Por qué apareciste, me iluminaste, me arrastraste al cielo y me tiraste sin ningún dolor, sin ningún arrepentimiento… y te fuiste.

¿O será que también lo sientes? ¿Será que, además, también eres más fuerte que yo? No podría aceptarlo. Si yo vivo a las puertas del infierno, tendrás que estar cerca también, en algún lugar, sintiendo cómo el dulce olor del azufre te llena y te complace. Porque sabes que perteneces allí, y que, si me condenas, iremos juntos y nos volveremos a ver mientras ardamos en nuestras condenas.

Pero me es imposible despegarme de la otra cara de la moneda. Porque, ¡carajo! Para qué negarlo, si lo más puro y perfecto que sentí en la vida fue el roce cálido de tus dedos; si lo más alentador y delirante era la cercanía de tus labios; si lo más cercano al cielo siempre fue el calor de tu cuerpo, envolviéndome en abrazos que emanaban todo el amor de la tierra; si lo más embriagante de aquella adorable existencia era sentir cuando compartías conmigo la maravilla de tu cuerpo que, en sí, me ató a tu deliciosa mente y a tu ansiado corazón.

Eres un ángel. Un ángel del cielo. ¡Por favor, vuelve a mirarme antes de que pierda el mérito de la existencia! ¡Perdona con tus pestañas mis pecados y devuélveme a mi cielo, a mi existencia contigo, en esta vida, en otra, en este o en otro cuerpo, pero nunca exiliado del misterio que significas para este mundo…!

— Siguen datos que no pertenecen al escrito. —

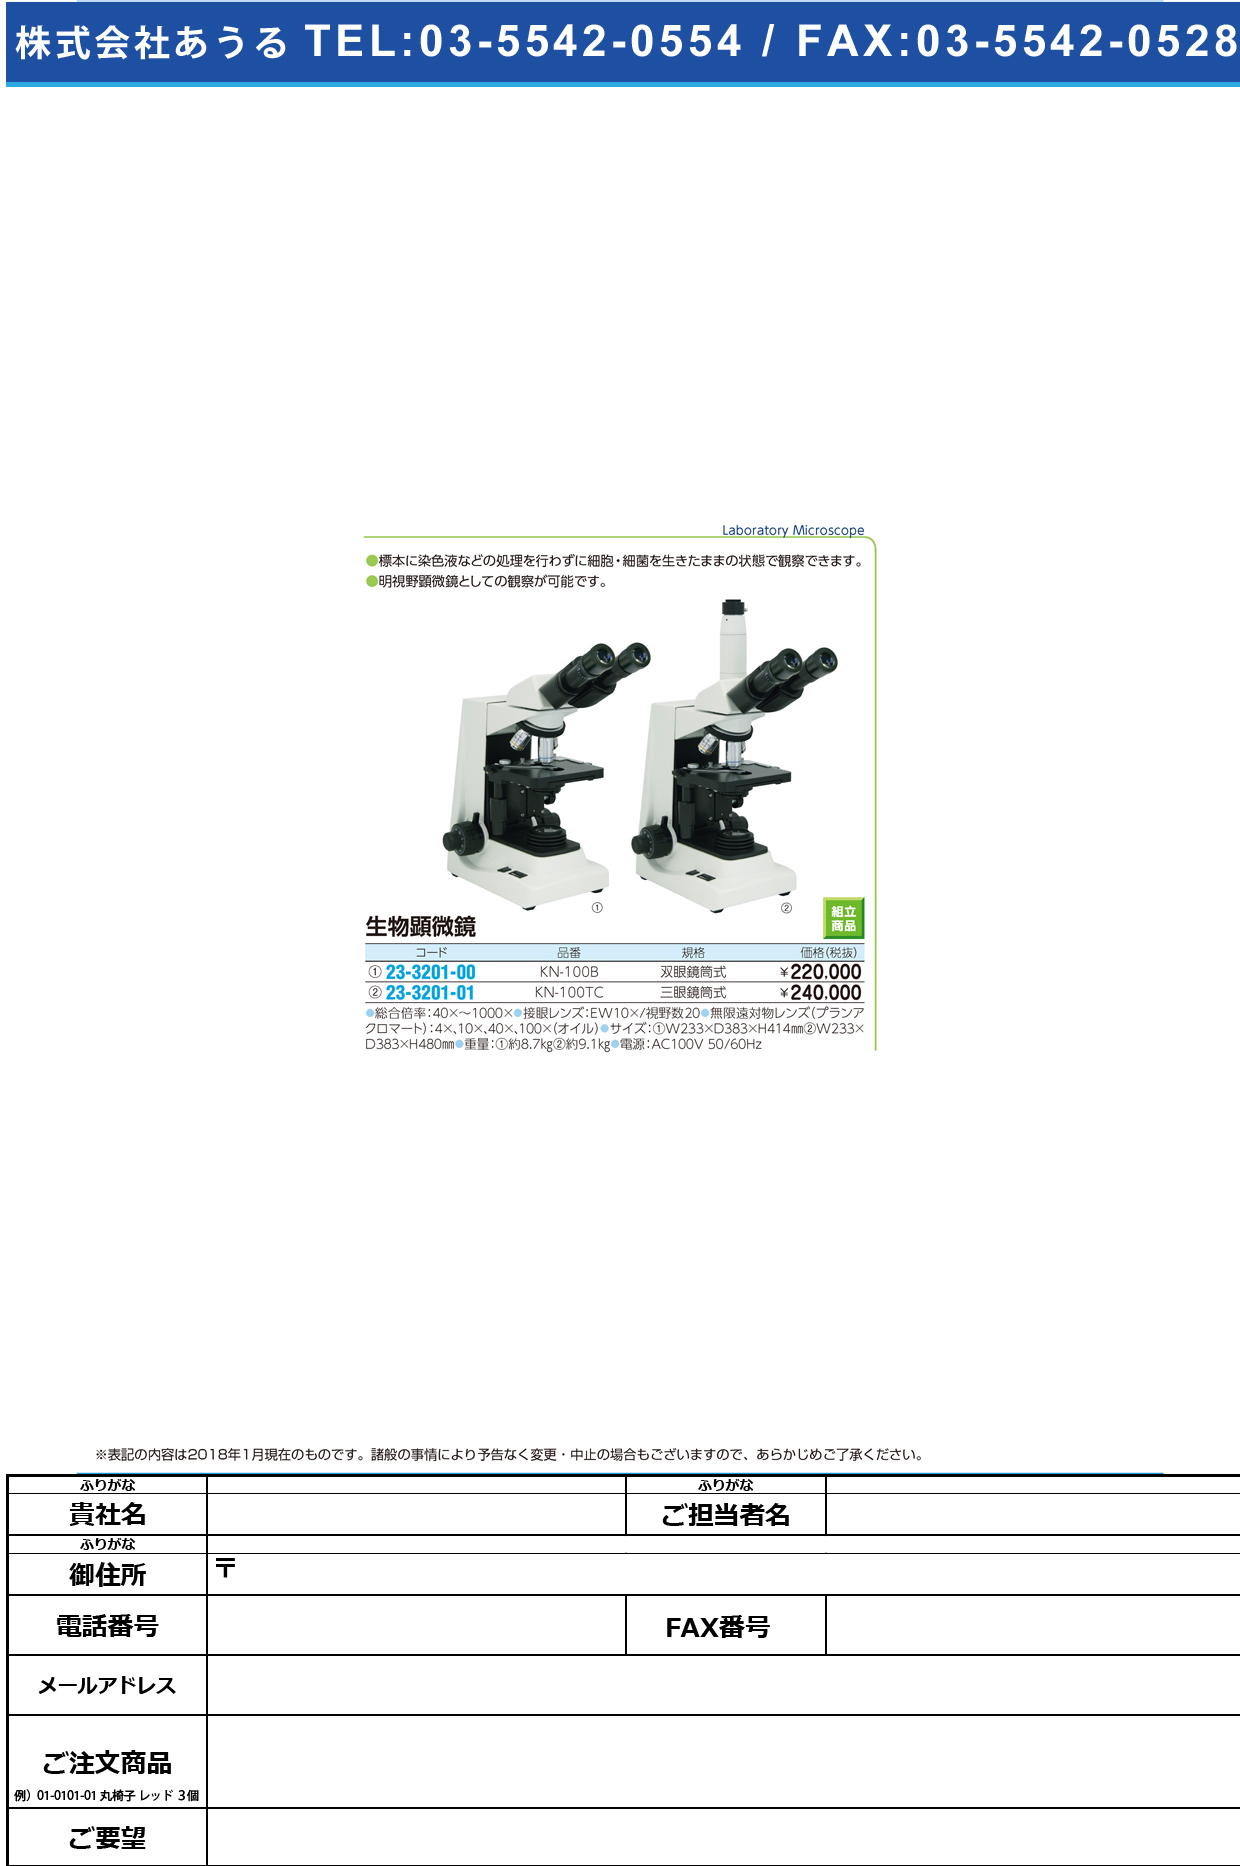 (23-3201-00)生物顕微鏡ラボラックス（双眼鏡筒式 KN-100B ｾｲﾌﾞﾂｹﾝﾋﾞｷｮｳﾗﾎﾞﾗｯｸｽ【1台単位】【2018年カタログ商品】

Pensé que lo había aceptado, que era fácil entenderlo. Las personas eran así: llegaban, tomaban lo que deseaban, y decidían partir en cualquier momento (siempre en el menos indicado). Y pensé ya estar seguro de que tú lo habías hecho igual. Lo había escrito sin pasión; lo había comentado a otras personas con toda la fría razón.

Entonces quedaste sepultada. Lamentablemente, tus restos residían en mi corazón. Por eso, en algún momento me recordaste y vino tu espíritu a atormentarme, a dominar cada una de mis noches y a no dejarme en paz en ninguno de mis sueños. Es una pesadilla constante.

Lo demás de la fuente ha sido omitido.